Well, here's a solution, but it's not pretty.

As noted in my answer to Cover time chess board (king), there is in principle no difficulty in answering this question. Calculating the expected cover time of the set of patterns $\cal S$ reduces to calculating the expected hitting time of every possible non-empty subset $A$ of $\cal S$:

$$\mathbb{E}(\text{cover time})=\sum_A (-1)^{|A|-1} \mathbb{E}(T_A)\tag1$$

These hitting times are defined by $T_A=\inf(n\geq 0: X_n\in A)$. These, in turn, can be found using a technique from Section 14.3 (Patterns III) of Problems and Snapshots from the World of Probability by Blom, Holst, and Sandell.
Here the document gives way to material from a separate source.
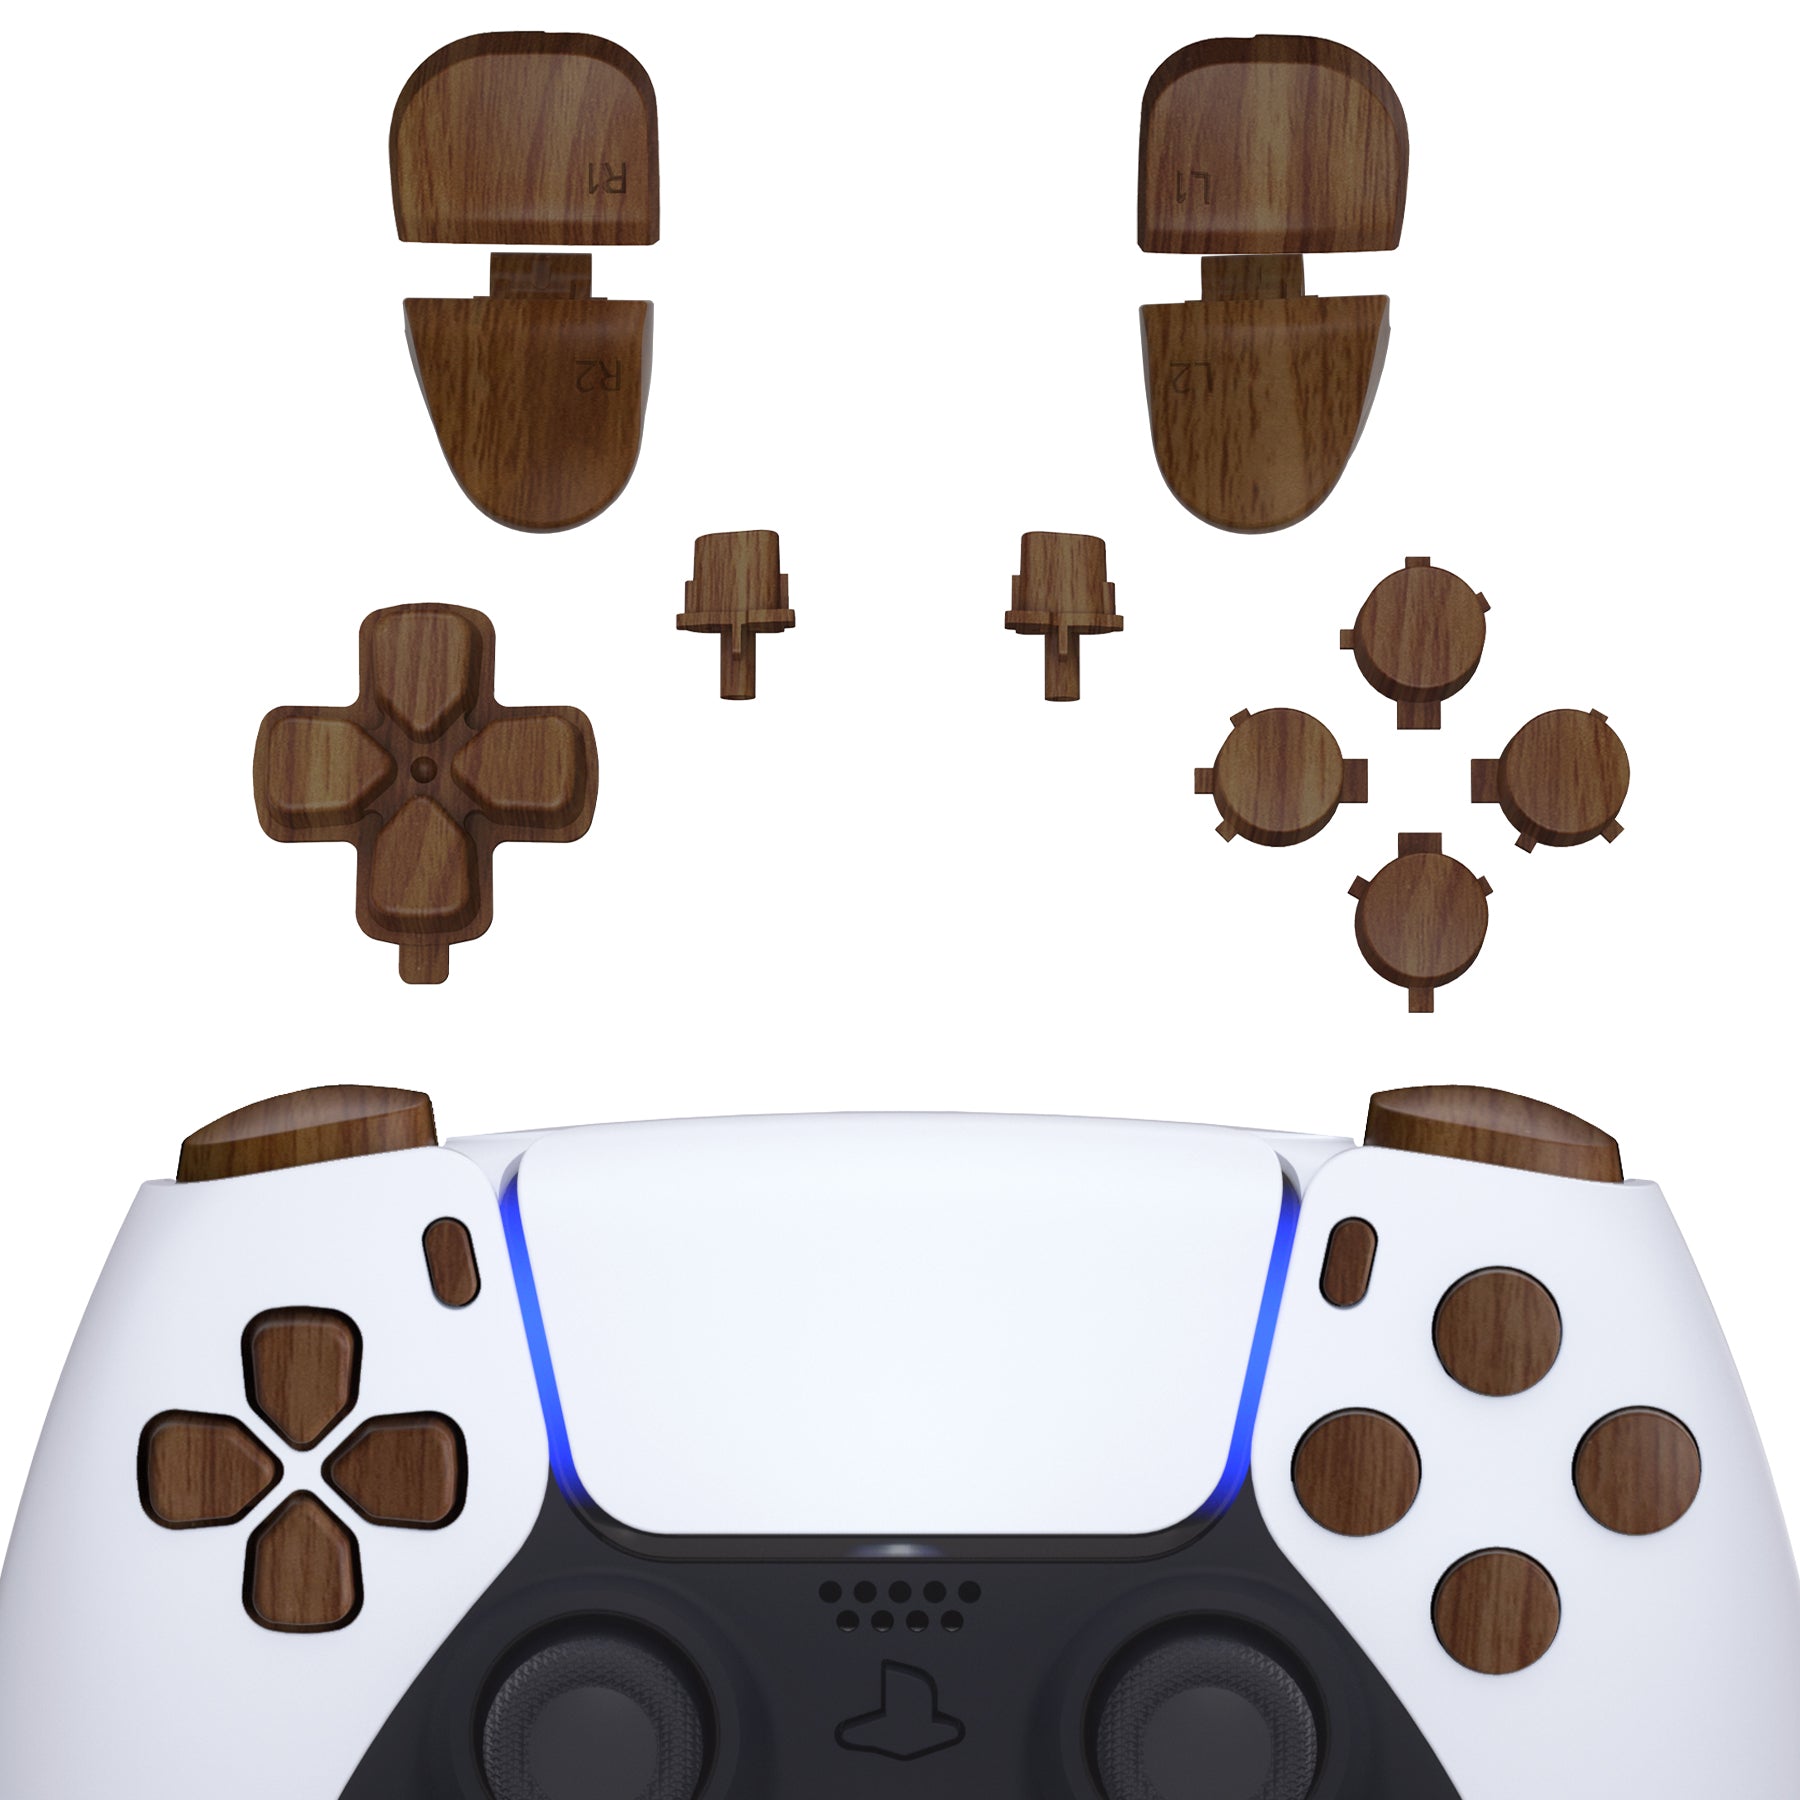 eXtremeRate Retail Replacement D-pad R1 L1 R2 L2 Triggers Share Options Face Buttons, Wood Grain Full Set Buttons Compatible with ps5 Controller BDM-030 - JPF9001G3

For instance with strings of length two we find $$\mathbb{E}(T_{00,01,10,11})=2$$ $$\mathbb{E}(T_{00,01,10})=\mathbb{E}(T_{01,10,11})=5/2,\quad \mathbb{E}(T_{00,10,11})= \mathbb{E}(T_{00,01,11})=9/4$$ $$\mathbb{E}(T_{00,01})=\mathbb{E}(T_{00,10})=\mathbb{E}(T_{00,11})=\mathbb{E}(T_{01,10})=\mathbb{E}(T_{01,11})=\mathbb{E}(T_{10,11})=3$$ $$\mathbb{E}(T_{00})=\mathbb{E}(T_{11})=6,\quad \mathbb{E}(T_{01})=\mathbb{E}(T_{10})=4$$

Plugging all this information into (1), we find that the expected time to see all four patterns $00,01,10$, and $11$ is $19/2=9.5$.

Just for fun, I've calculated the expected time to see all eight patterns of length three to be ${89259/ 3640}= 24.5217$.


Update: This is wrong - sorry, I misread the question, I understood that we were interested in getting all permutations (words with different letters).

For $n=2$ it's not hard to see that the expected length is 5 : expected length of first run (2) + expected length of second run (2) + 1. For $n>2$ it seems more difficult.

Applying the coupon-collector approach, one would say that the expected number of tries to collect the $m$-th permutation (among $n!$ permutations) is $1/p_m = n^n/(n!-m)$ and so

$$E_n = n^n \left( \frac{1}{1} + \frac{1}{2} + \dots +\frac{1}{n!} \right)=n^n H({n!}) $$

This, of course, is an approximation, because it assumes that each new letter of the sequence gives a new $n$-word, independent of the previous ones; but the overlapping must introduce some dependence. It's not clear, however, the sense of this dependence. And this, together with the fact that for large $n$ the probability of a word being a permutation (even for the "first coupon") is low, leads to think that the approximation might be reasonable. Numerical evidence sees to agree.

Eg: for $E_5 = 16777.7$, empirically I get $\approx 16730$.

Update: Actually we are not interested in getting all permutations ($n!$) but all words ($n^n$). The above coupen-collector approach can also be applied, giving us $E_n \approx n^n H(n^n) \sim n^{n+1} \log(n) $, but the independence assumption is less justified, and the result less precise.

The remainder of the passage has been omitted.